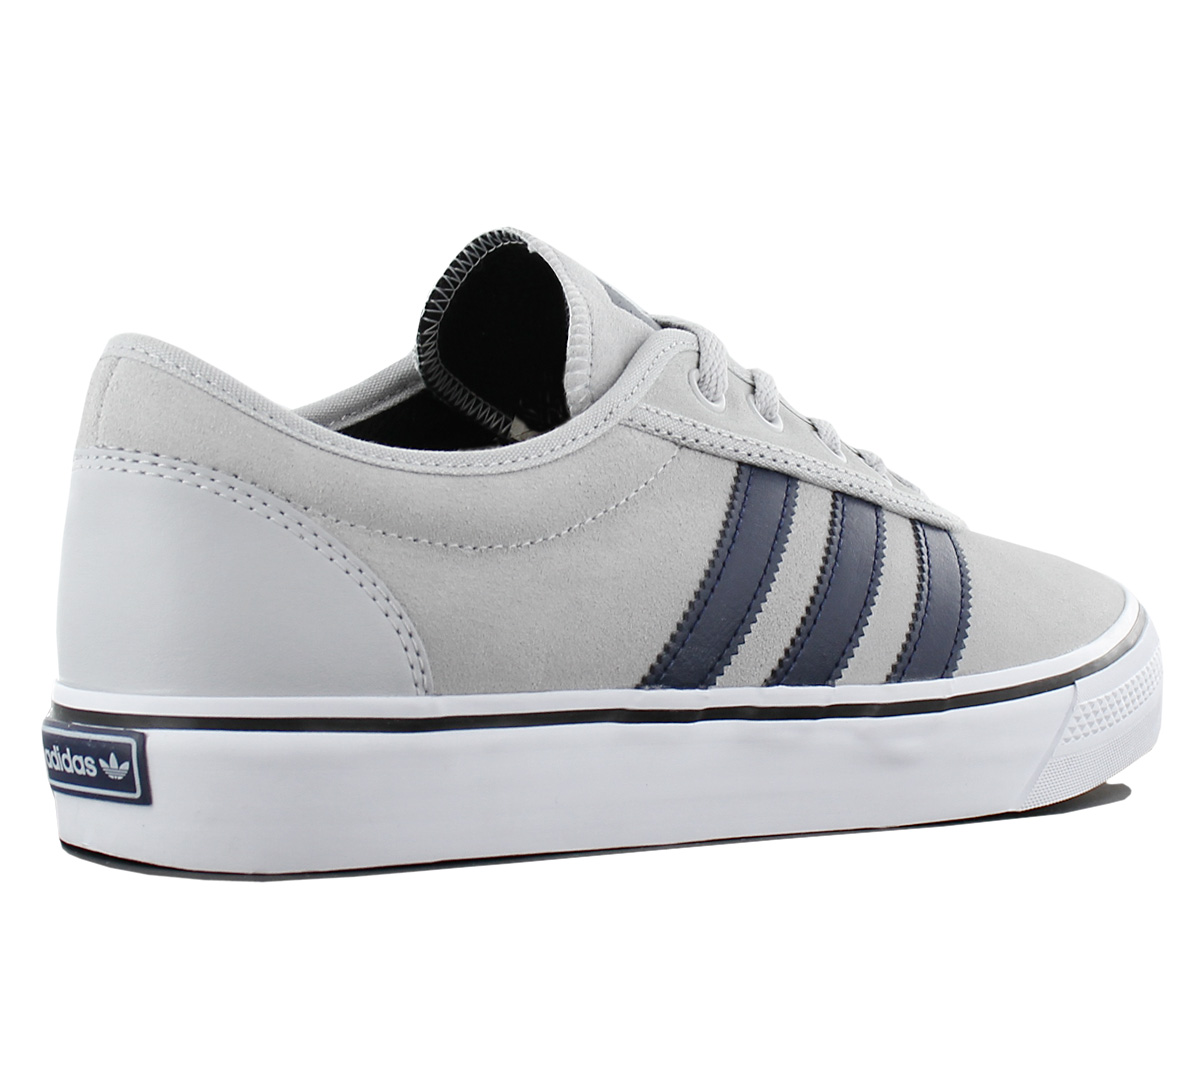 Details zu adidas Originals Adi Ease Herren Sneaker Schuhe Leder Grau Skaterschuhe BB8475
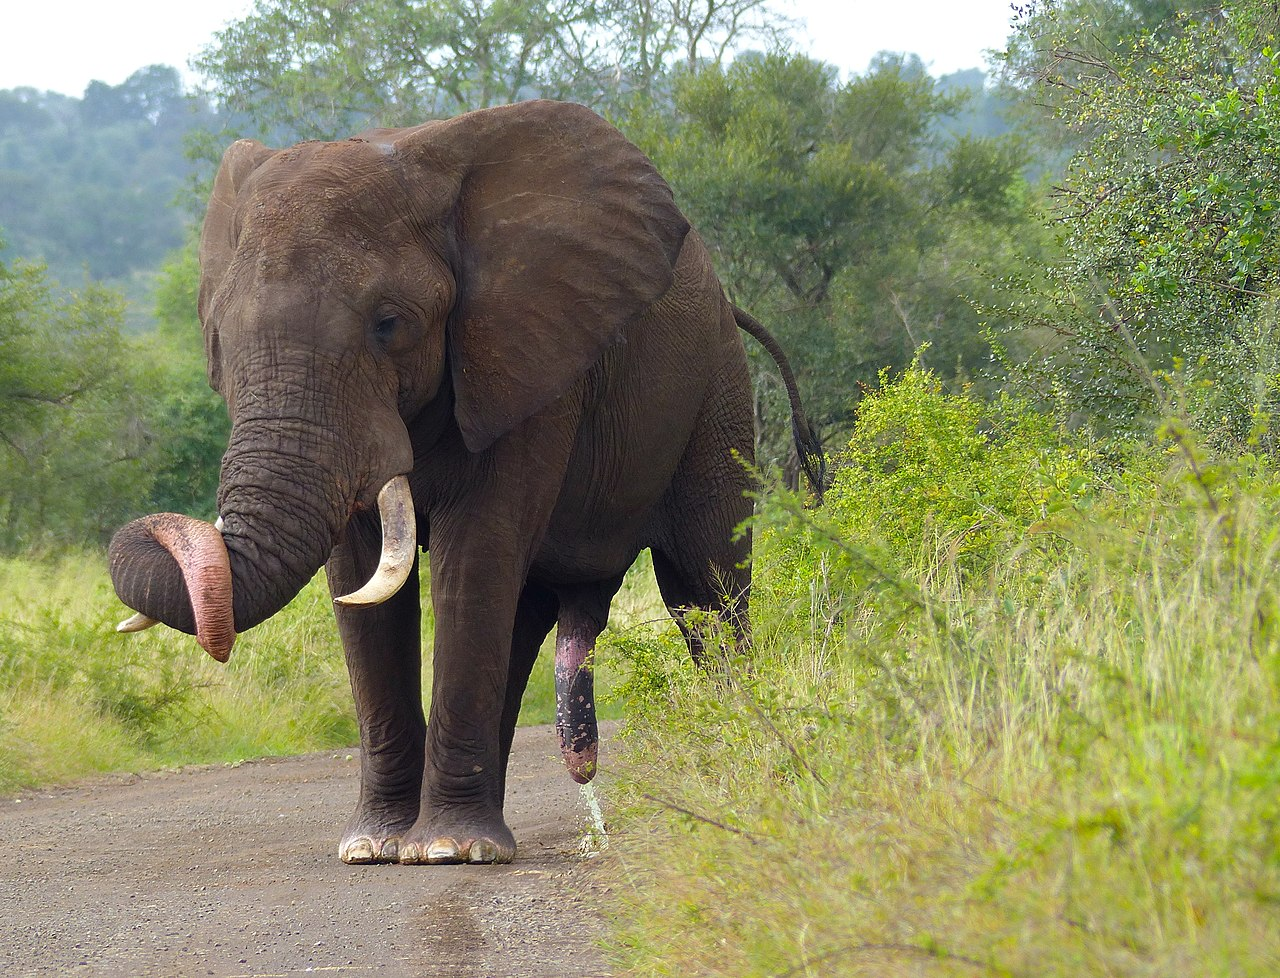 File:elephant loxodonta africana male im quite sure pa i ssing
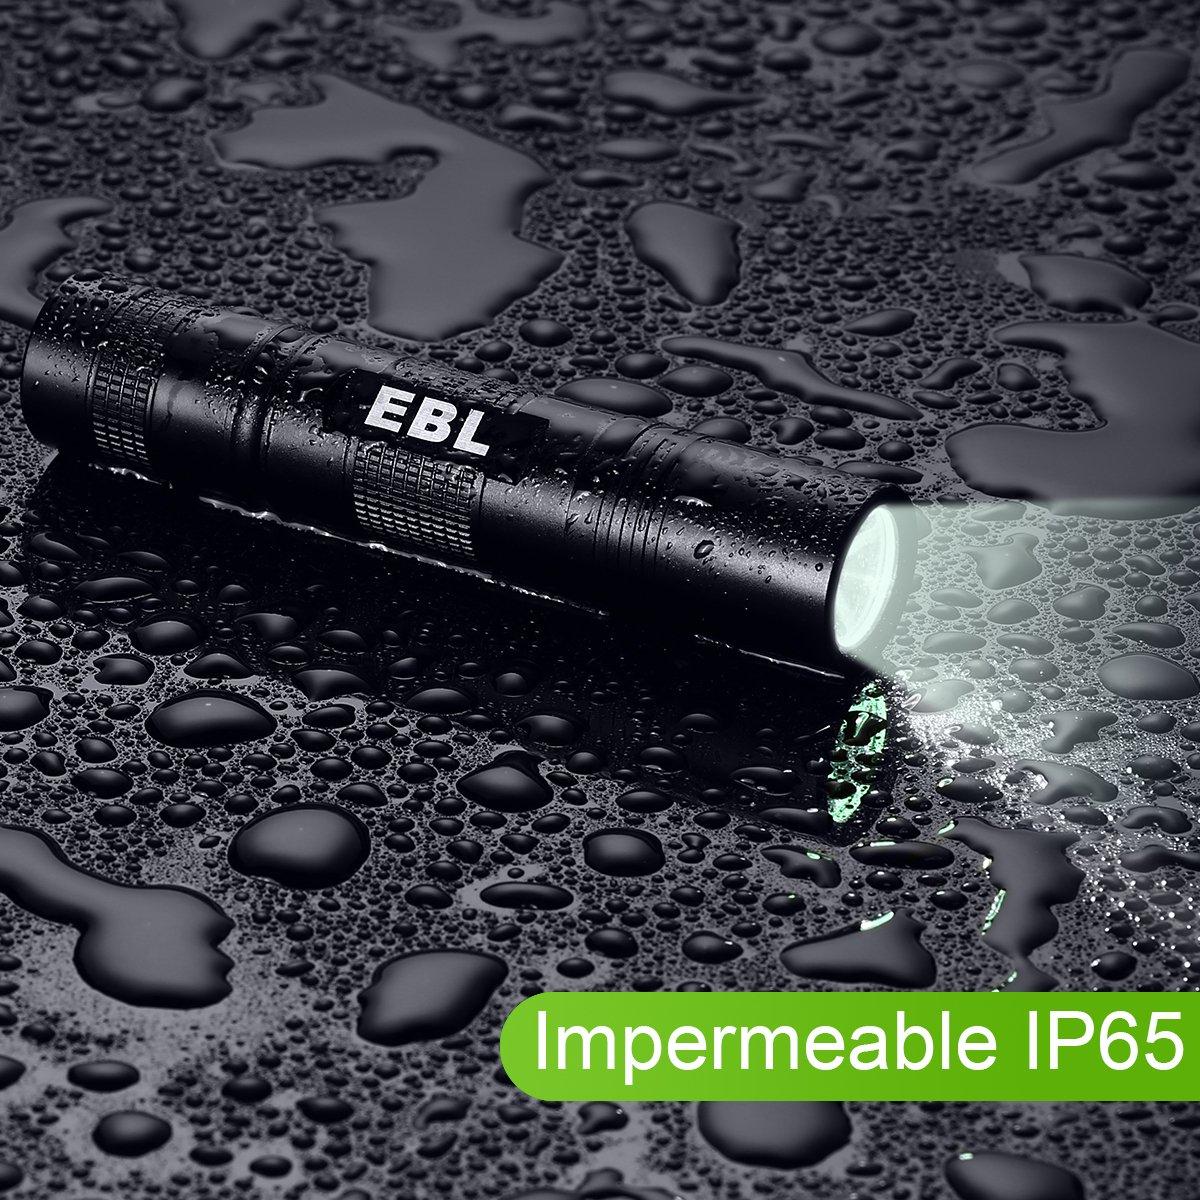 EBL 004 Linterna LED de Mano Resistente al Agua,350 Lumen, Irradiación Distancia: 300-500m con 5 Modos, Perfecta para Ciclismo,Camping, Montañismo-Negro
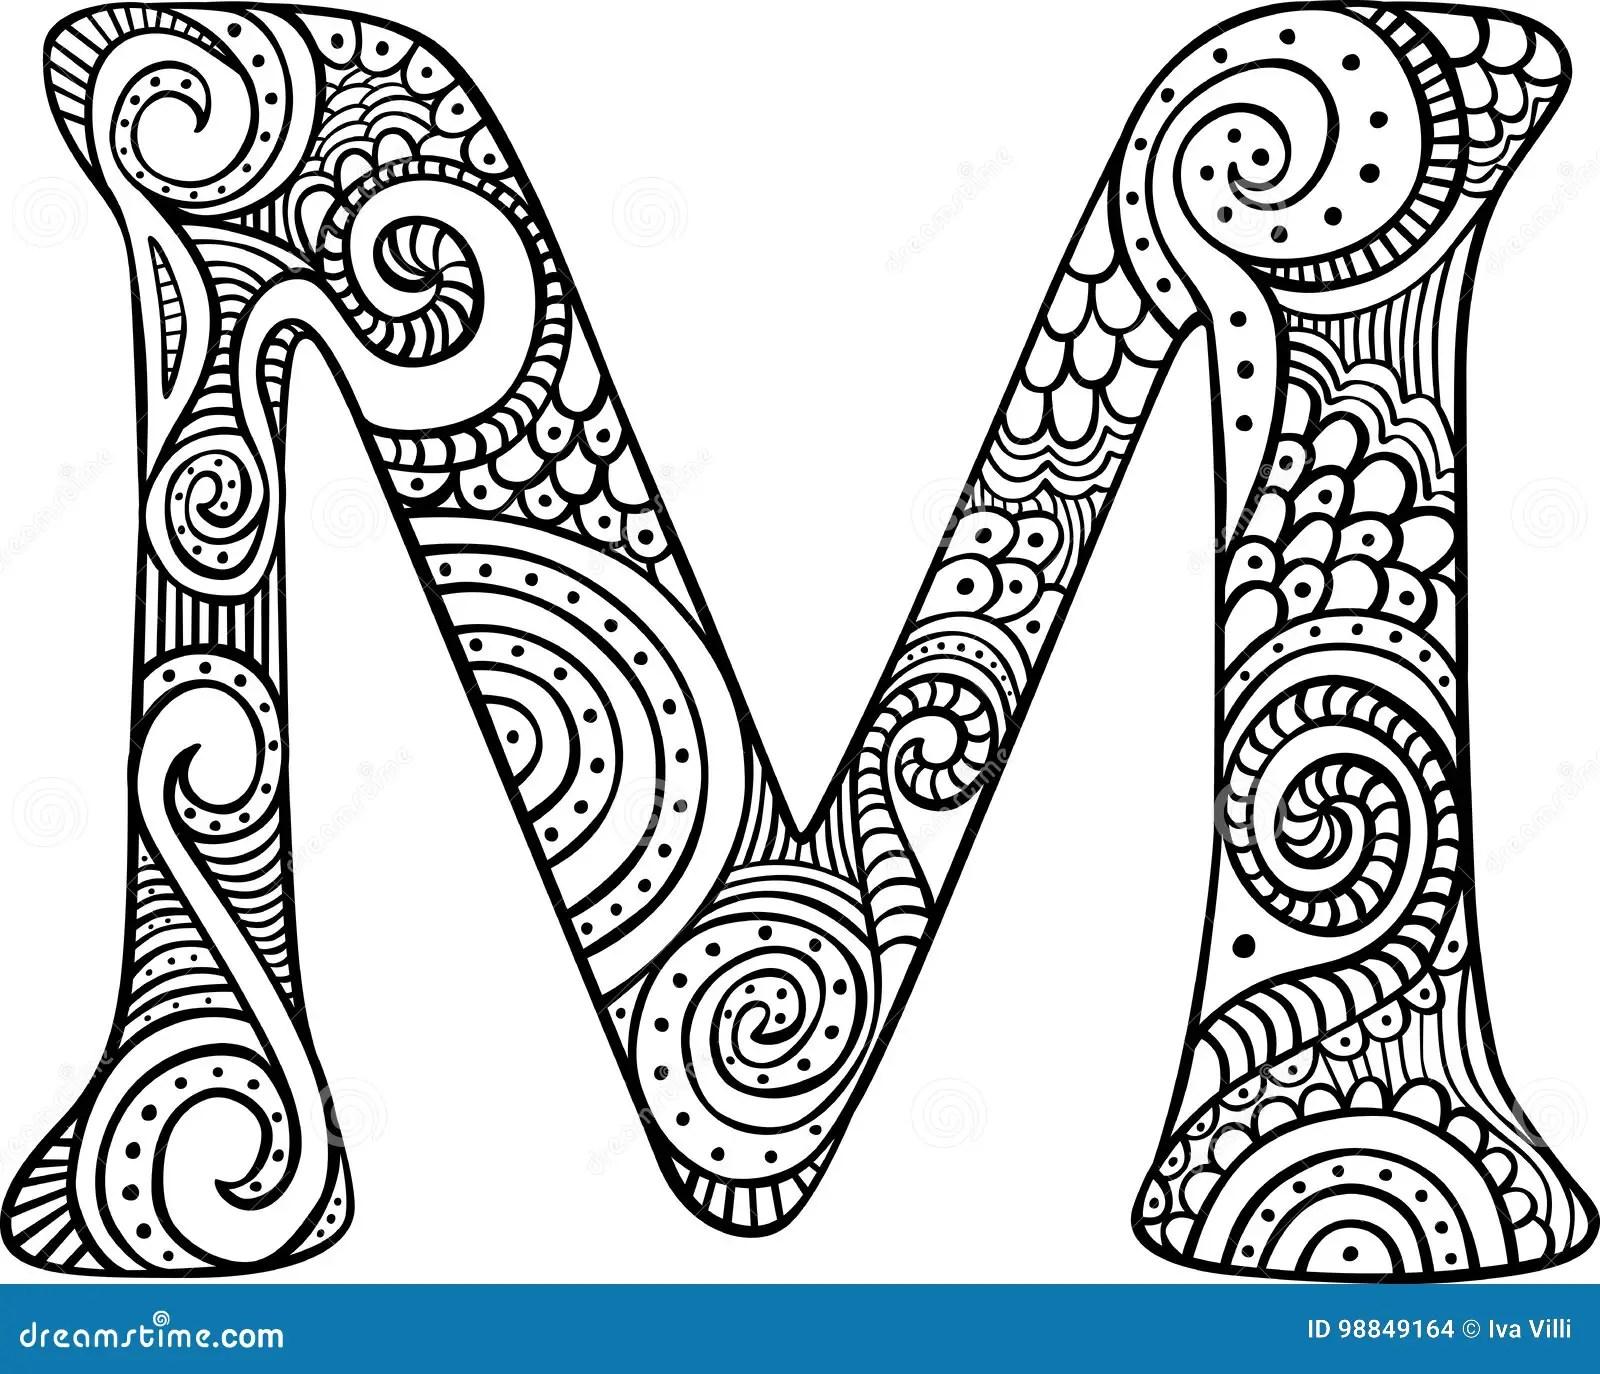 Illustrated Letter M Stock Vector Illustration Of Header

AIM OF THE TASK: Retype all the material word for word while skipping any picture it contains.

SOLUTION TO THIS EXERCISE:
 Details zu adidas Originals Adi Ease Herren Sneaker Schuhe Leder Grau Skaterschuhe BB8475
 File:elephant loxodonta africana male im quite sure pa i ssing
 EBL 004 Linterna LED de Mano Resistente al Agua,350 Lumen, Irradiación Distancia: 300-500m con 5 Modos, Perfecta para Ciclismo,Camping, Montañismo-Negro
 Illustrated Letter M Stock Vector Illustration Of Header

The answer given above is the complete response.